Supplied information –
══════════

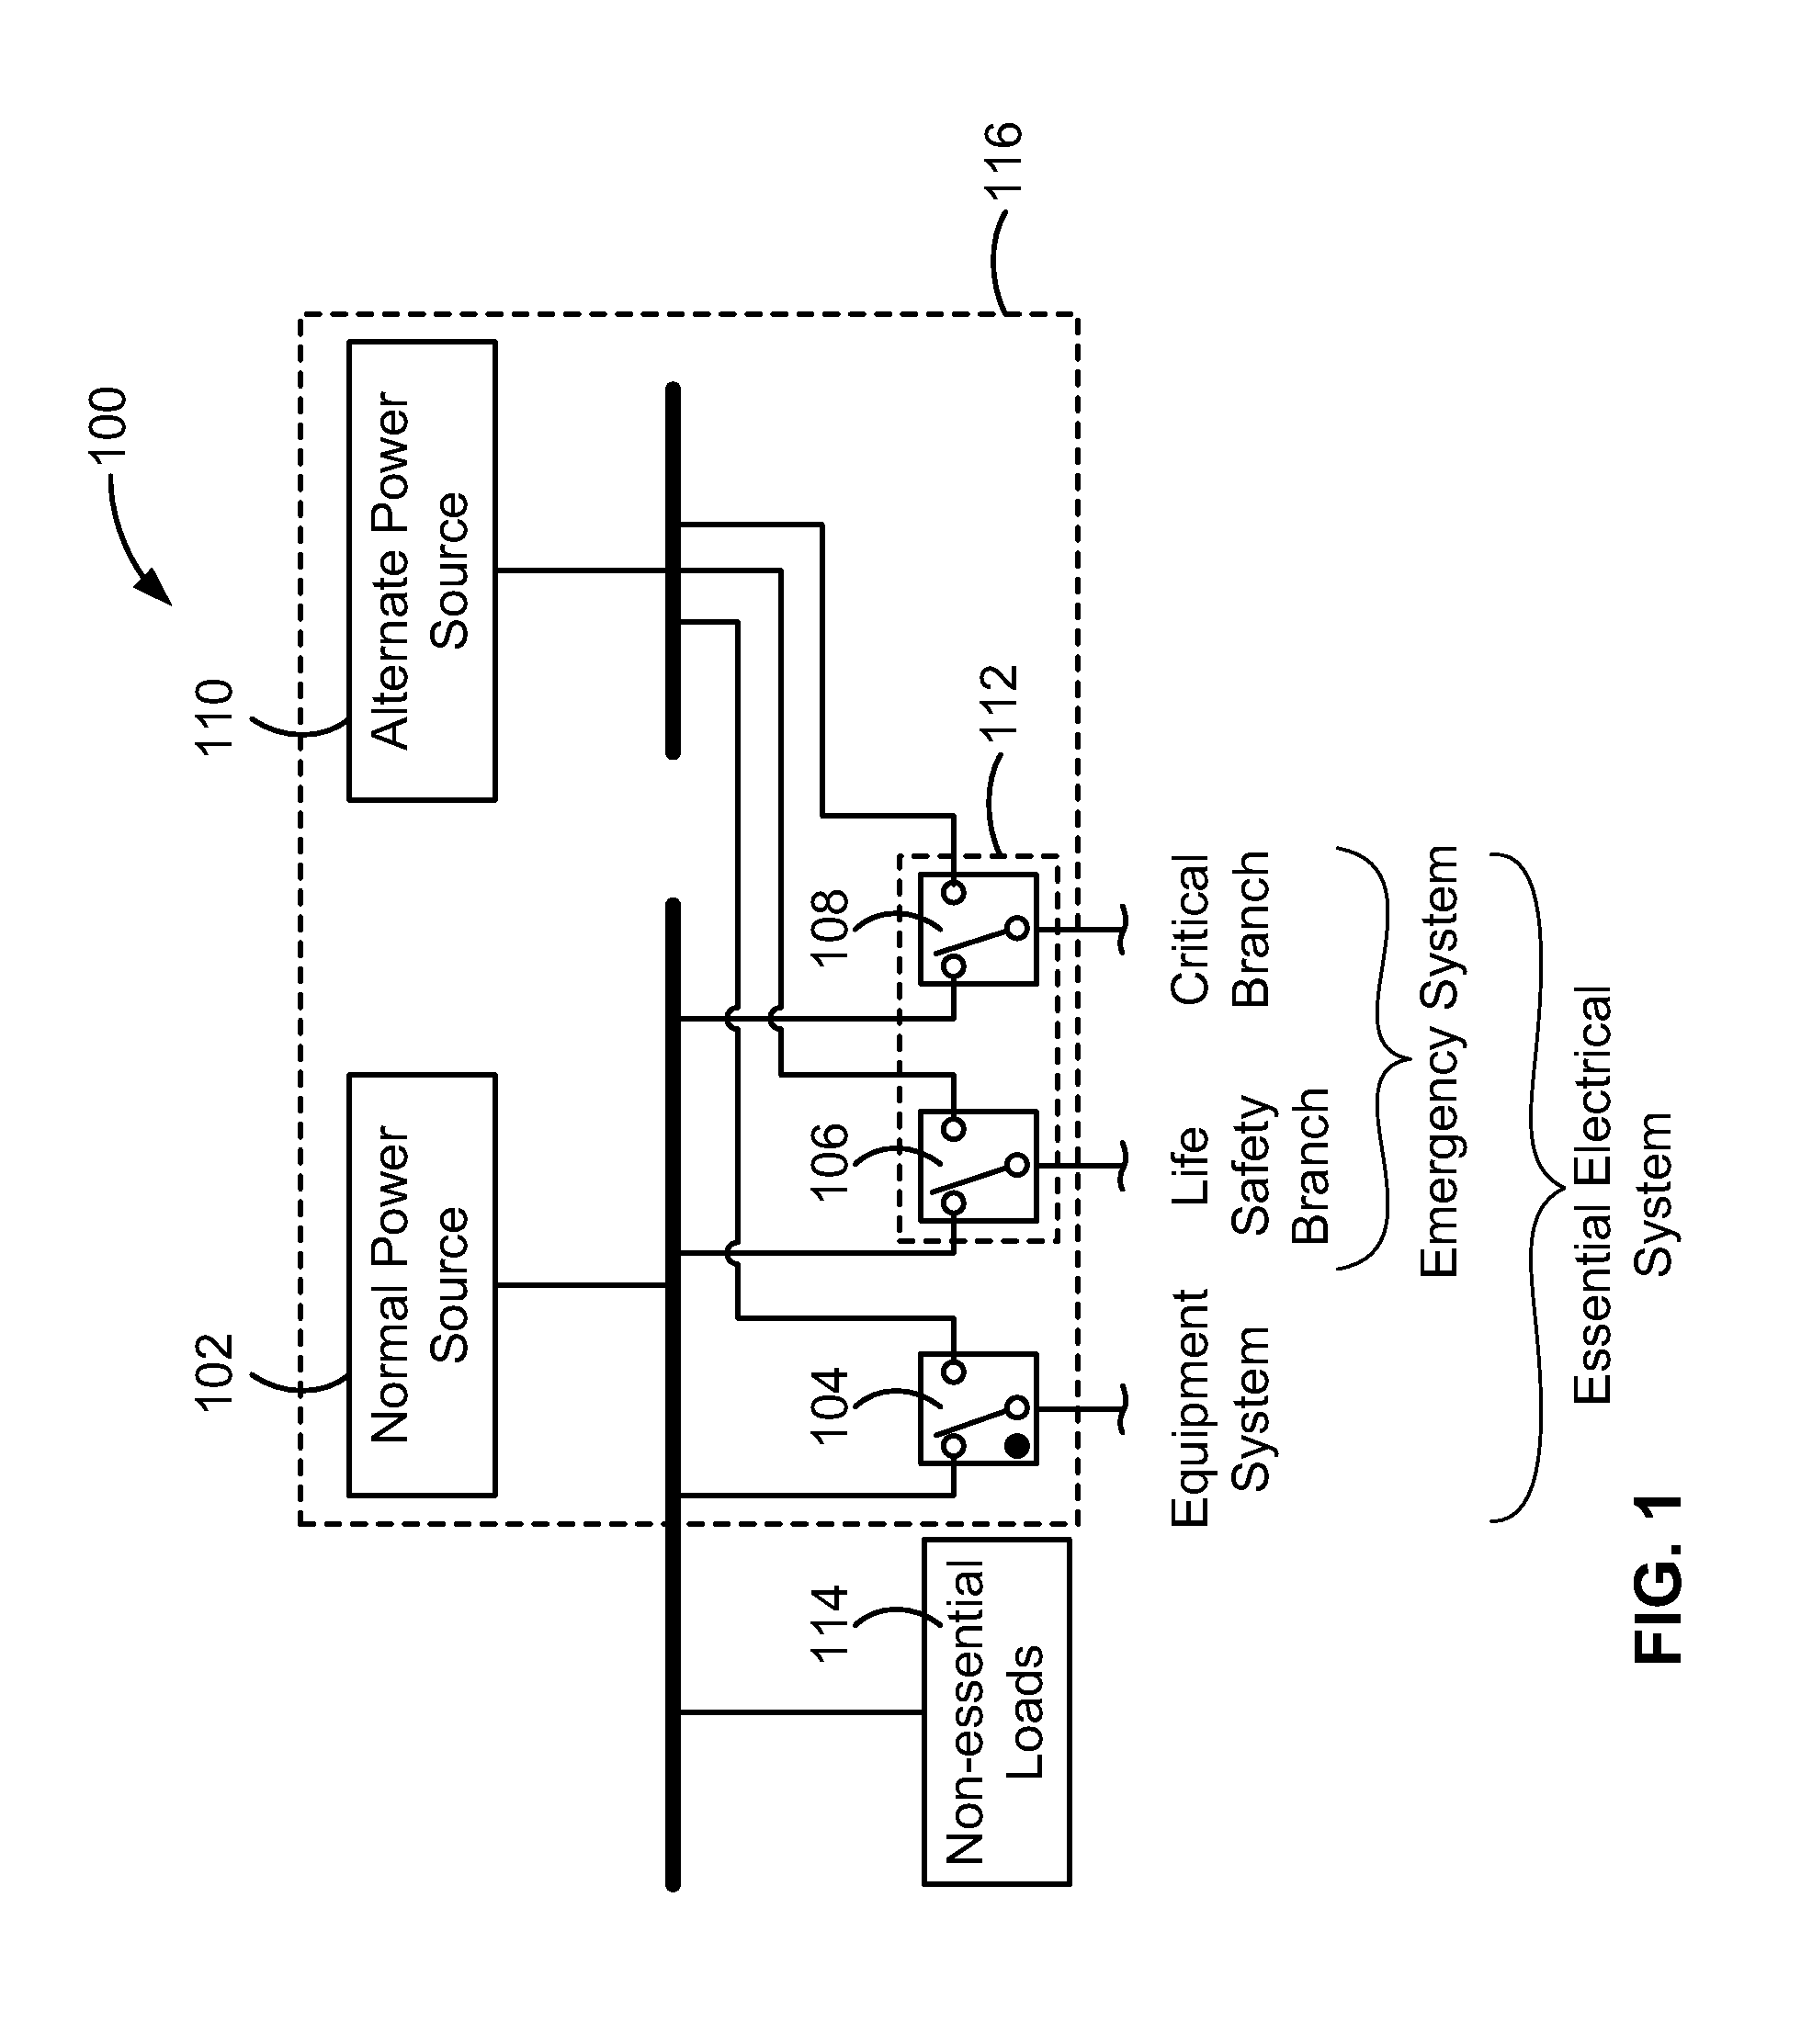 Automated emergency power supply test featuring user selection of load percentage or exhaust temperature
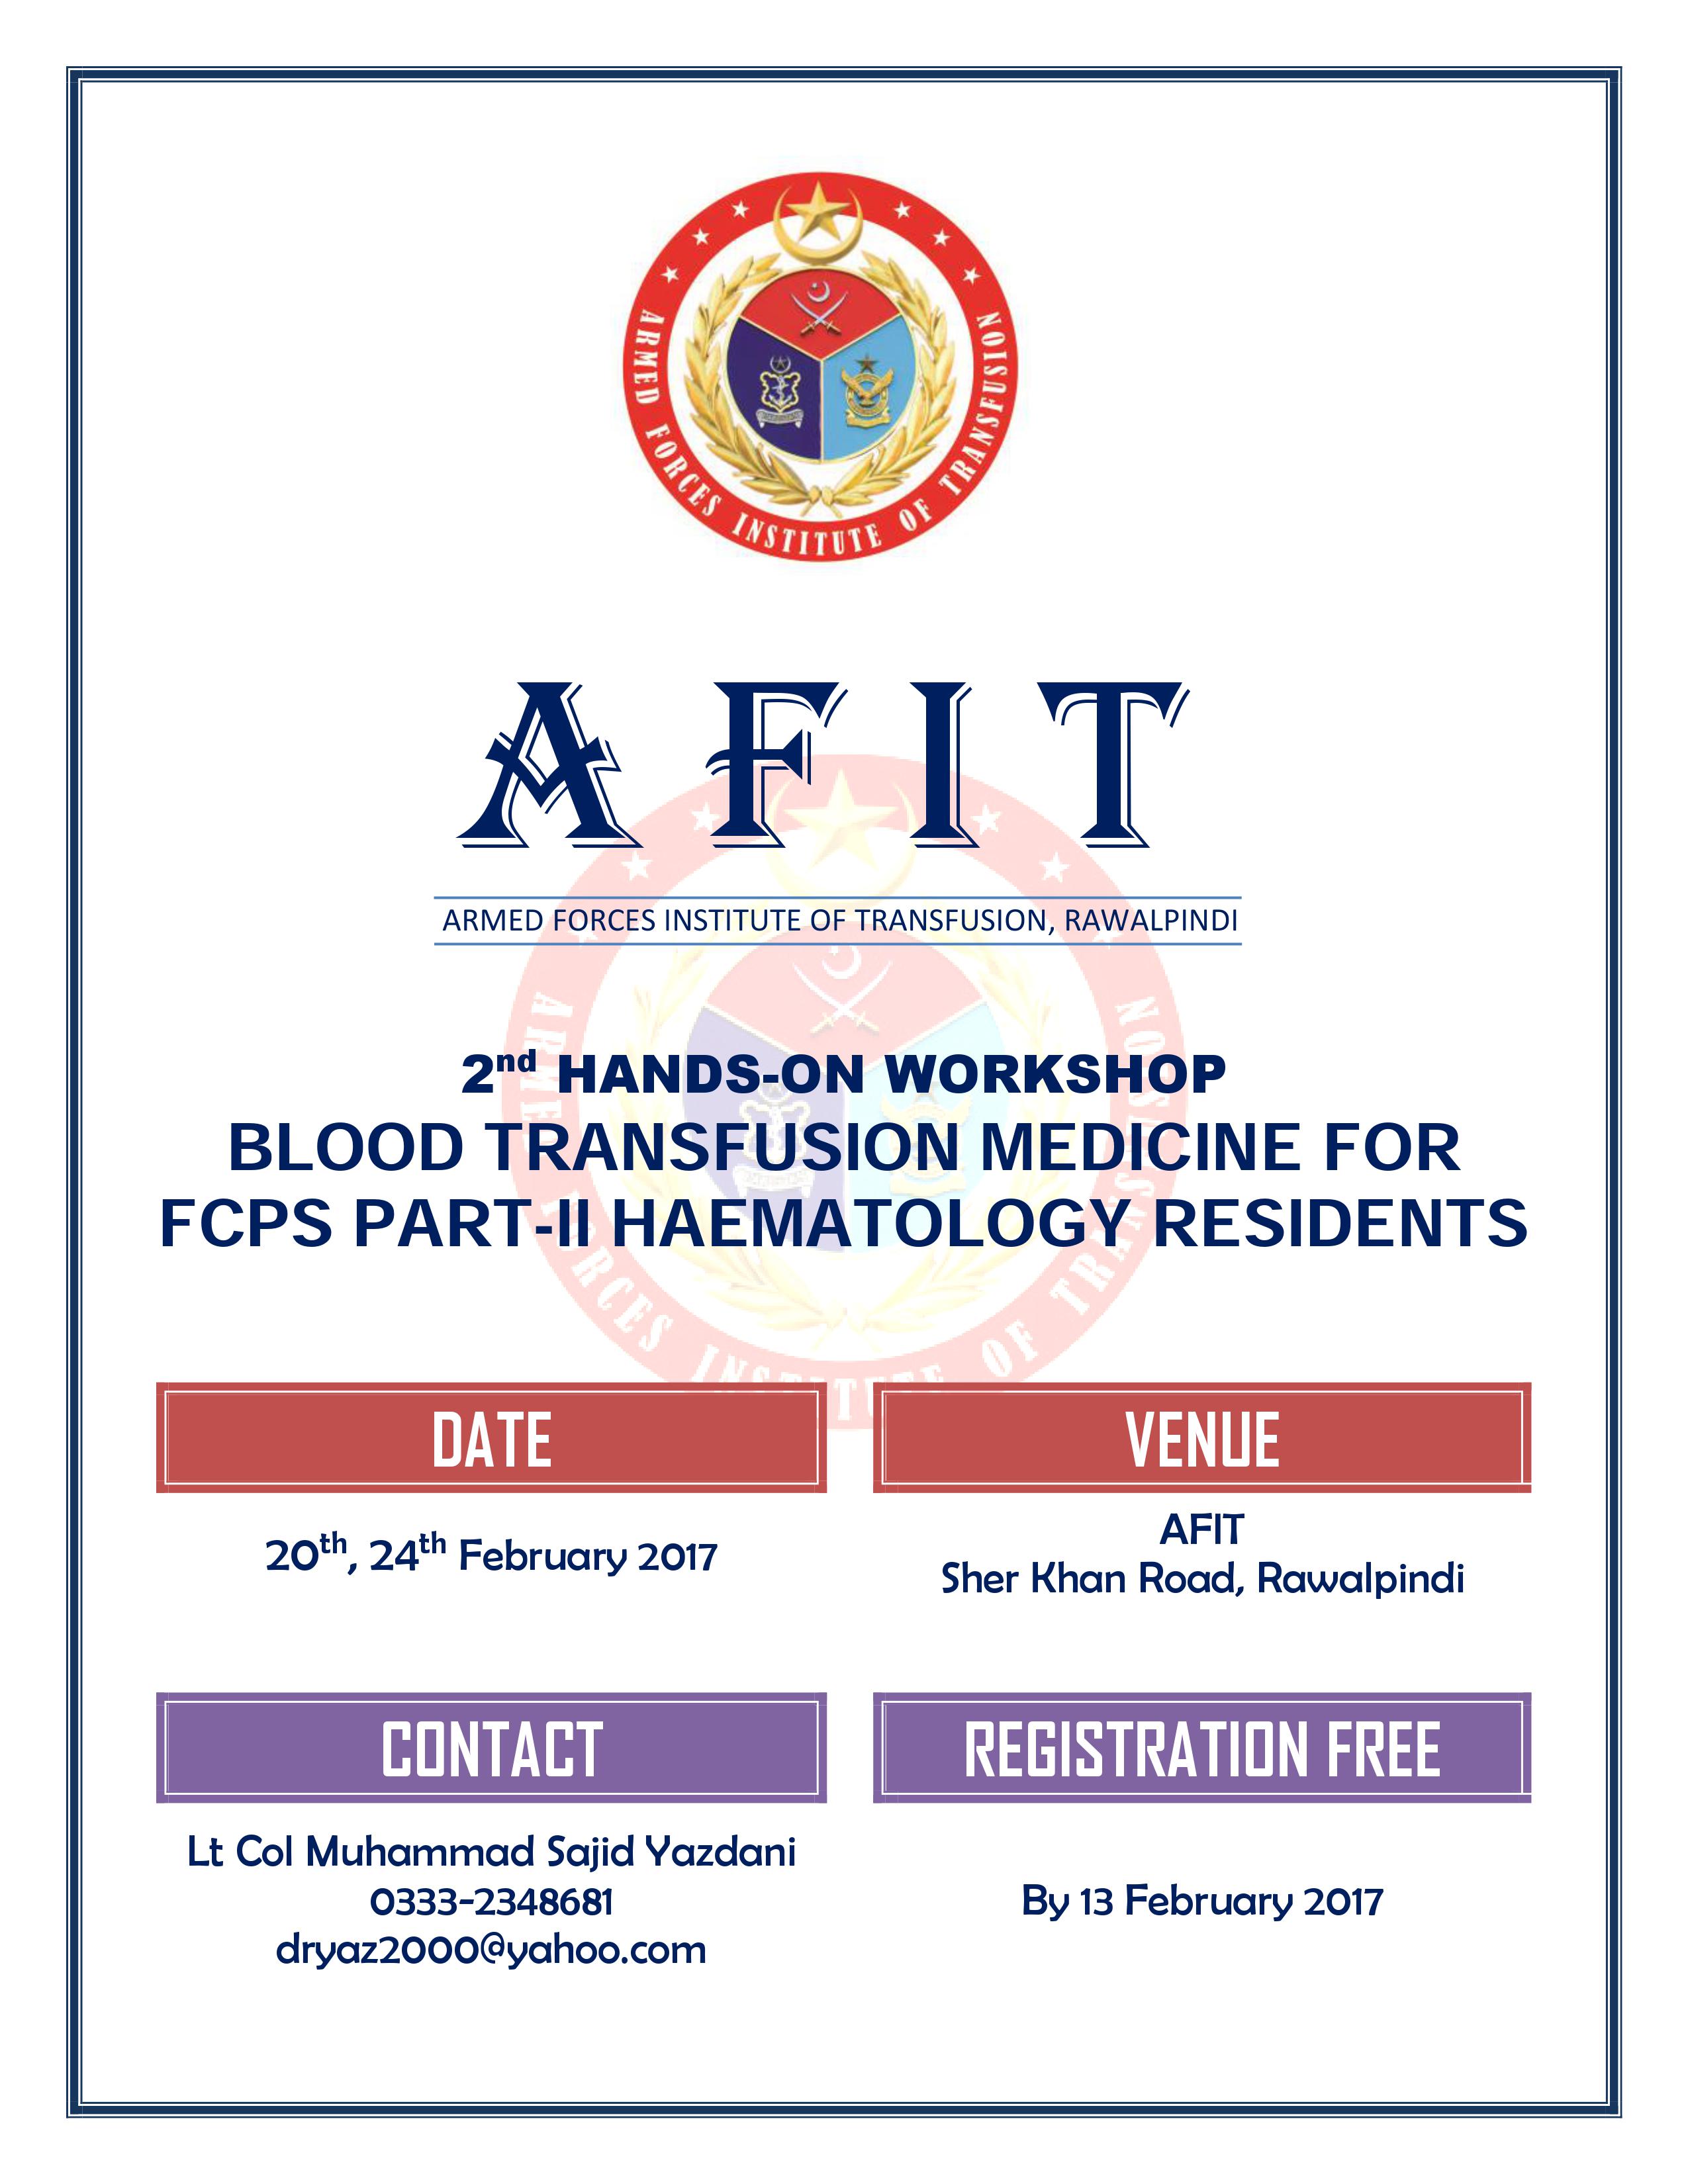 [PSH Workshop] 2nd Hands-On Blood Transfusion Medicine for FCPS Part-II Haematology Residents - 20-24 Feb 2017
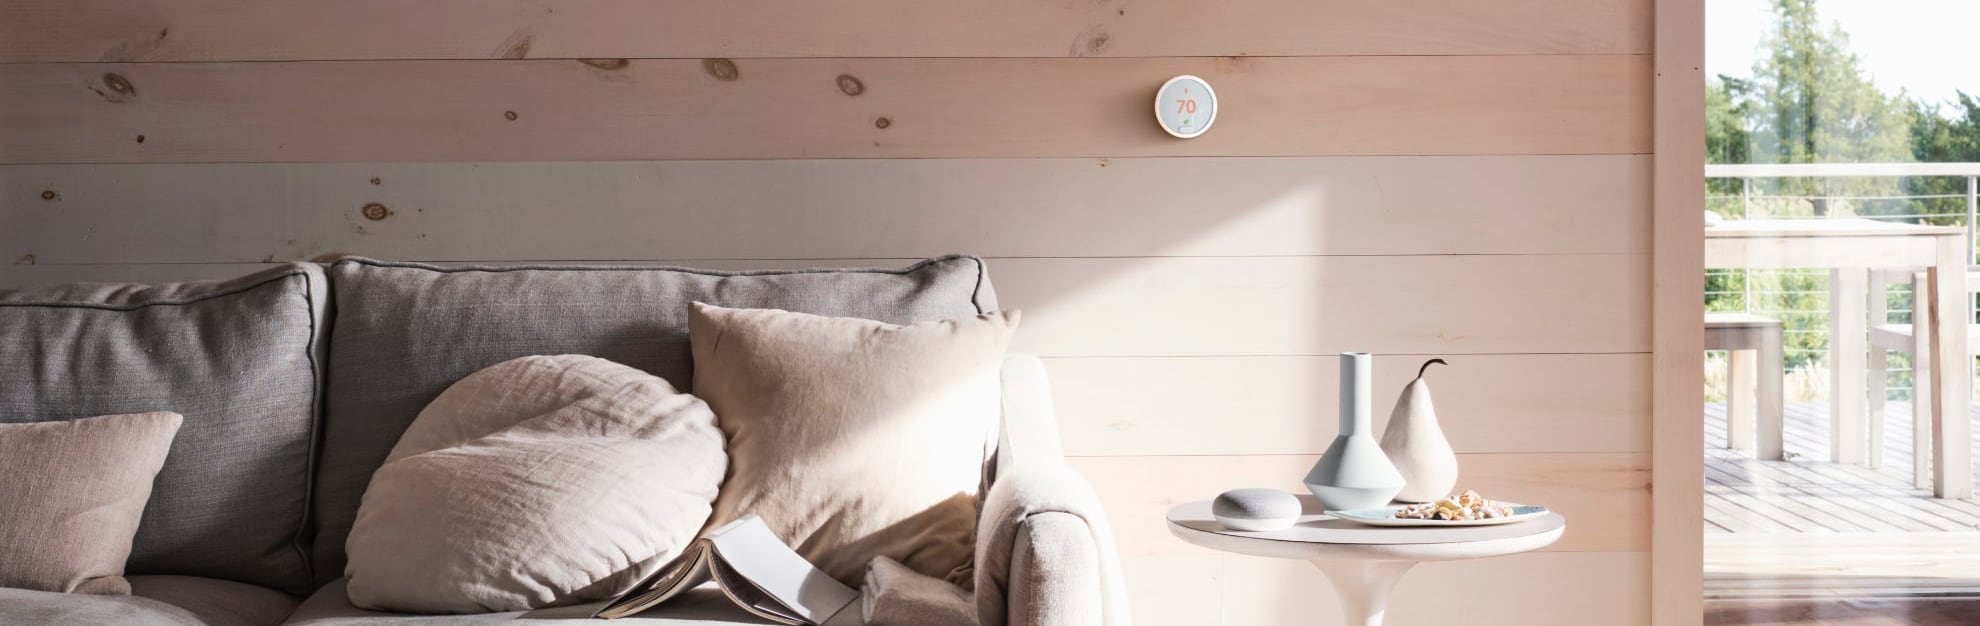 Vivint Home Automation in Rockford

══════════

Task to carry out –
Return all of the material above unchanged, minus its pictures.

Answer below –
 Automated emergency power supply test featuring user selection of load percentage or exhaust temperature
 [PSH Workshop] 2nd Hands-On Blood Transfusion Medicine for FCPS Part-II Haematology Residents - 20-24 Feb 2017
 Vivint Home Automation in Rockford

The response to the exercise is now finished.